A weak dollar and unemployment in the US are hitting remittance recipients in the Americas

he dollar's weakness is a response to a "not very healthy" economic outlook in the United States, which is also impacting "the hemisphere's economy and the global economy," warned an economist.

Q REPORTS — (EFE) The dollar’s depreciation, at its lowest level in four years, and the unemployment rate in the United States, one of the highest since 2021, are impacting remittances received by families in Latin America, particularly in Mexico, a country that experienced a nearly 5% drop in remittances in 2025.

Money sent to Mexico decreased by 4.6% to $61.791 billion in 2025, the first year of Donald Trump’s second presidency in the United States, a decline that ended 11 consecutive years of growth, the Bank of Mexico (Banxico) revealed last week.

In contrast, a report by the Inter-American Dialogue estimated that remittances grew by 8%, to $158 billion, in nine countries that account for more than 90% of these flows in the region: Colombia, the Dominican Republic, Ecuador, El Salvador, Guatemala, Haiti, Honduras, and Jamaica, with the exception of Mexico.

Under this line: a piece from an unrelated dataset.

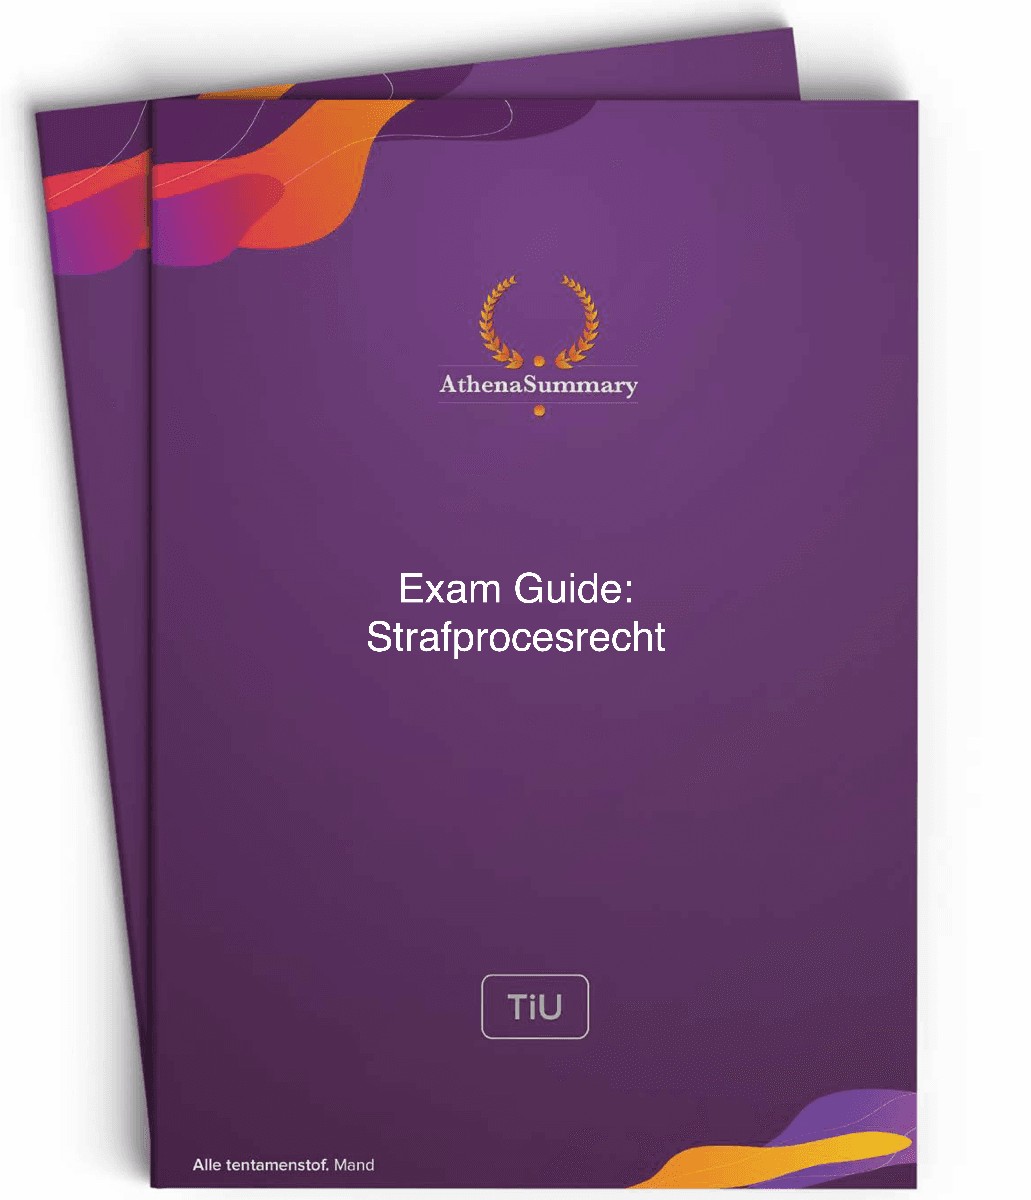 Exam Guide Strafprocesrecht
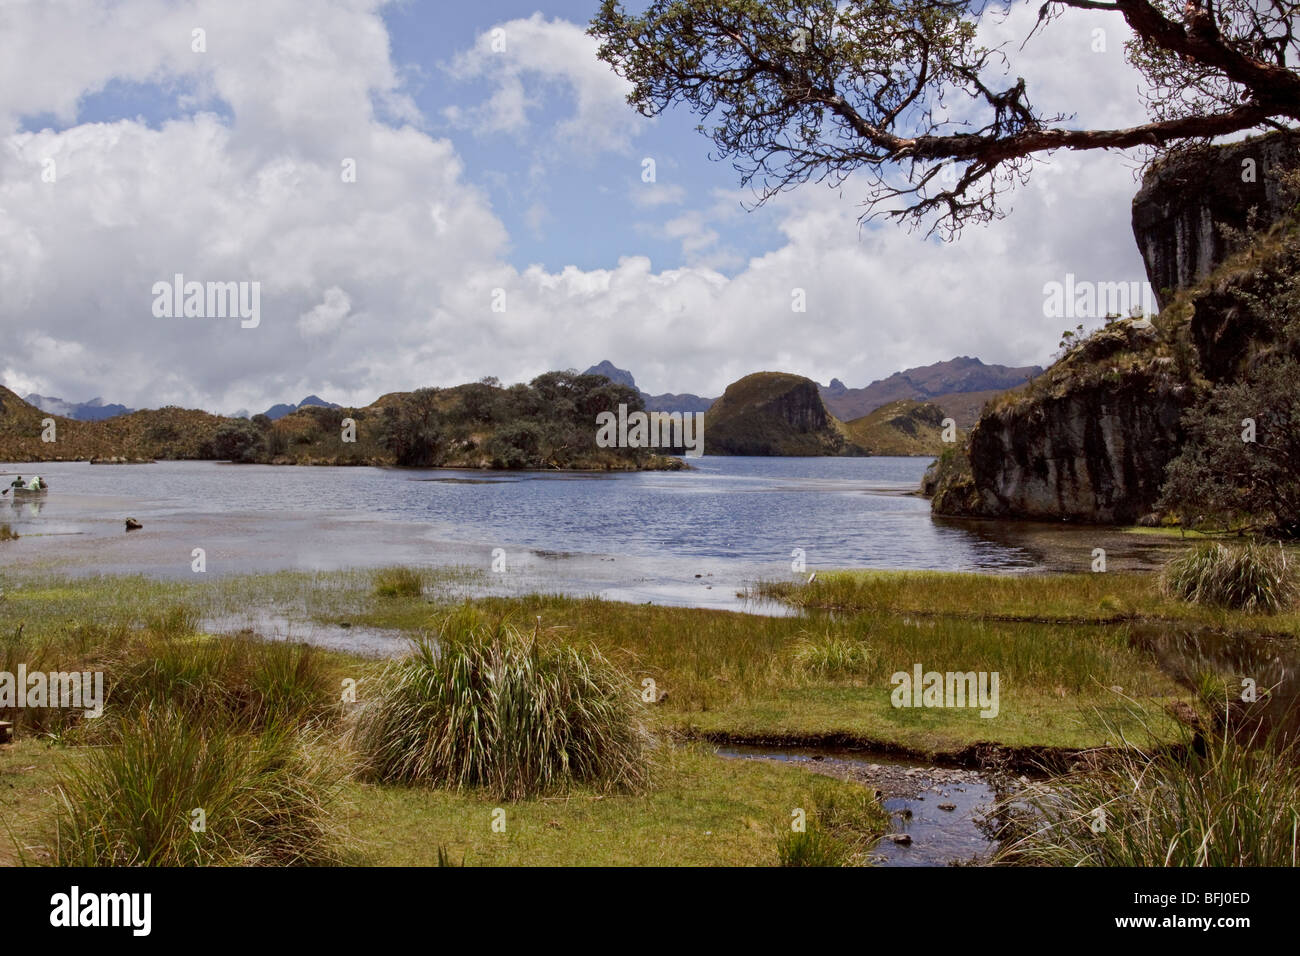 A scenic view of Cajas National Park near Cuenca, Ecuador. Stock Photo

But despite the increase, specialists warn of the loss of purchasing power for families receiving remittances in Latin America because the dollar depreciated by 10% in 2025, its worst value since 2017, and reached its lowest level in four years two weeks ago.

The dollar’s weakness is due to a “not very healthy” economic outlook in the United States, which also impacts “the hemispheric economy and the global economy,” warned economist Alejandra Y. Castillo, global advisor to the Public Spend Forum (PSF), in an interview with EFE.

“I send remittances to the Dominican Republic. I have many relatives who send remittances to their loved ones. That dollar isn’t going as far anymore, as we say, in terms of purchasing power,” explained Castillo, who served as Assistant Secretary for Economic Development at the Department of Commerce (2021-2024).

A Cheap Dollar: A Double-Edged Sword

Officials in the Trump Administration have promoted a weak dollar to encourage exports, but the expert sees it as “a double-edged sword” due to its impact on purchasing power in the United States and abroad.

Although “on the one hand, it’s said to benefit exports because they become cheaper,” the specialist points out that, “on the other hand, it makes imports more expensive,” which “raises inflation” in the United States.

“Given the current situation, where the U.S. economy is currently very unpredictable, what it really does is add to that lack of predictability in the market right now,” she said. The Risk of Unemployment in the US

Meanwhile, the US unemployment rate reached 4.4% by the end of 2025, one of its highest levels since 2021, while the consulting firm Gray & Christmas estimated last week that layoffs exceeded 100,000 this January, the highest monthly figure since 2009 and a 118% year-over-year increase.

“When employment in the United States slows, remittances fall sharply, creating immediate pressure on local consumption, retail sales, and tax revenues,” warned Nur Cristiani, Head of Investment Strategy for Latin America at J.P. Morgan, in an analysis.

Although Mexico is the largest recipient of remittances in absolute terms, these transfers represent about 4% of its gross domestic product (GDP), as is the case in Colombia, but in Nicaragua, Honduras, and El Salvador they account for about a quarter of the economy, according to her report.

In addition to the weak dollar and unemployment, President Trump implemented a 1% tax on remittances that went into effect in January, affecting at least 48 million migrants, and for every 1% additional tax, the volume of remittances would fall by about 1.6% in the United States, according to an analysis by the Center for Global Development (CGD).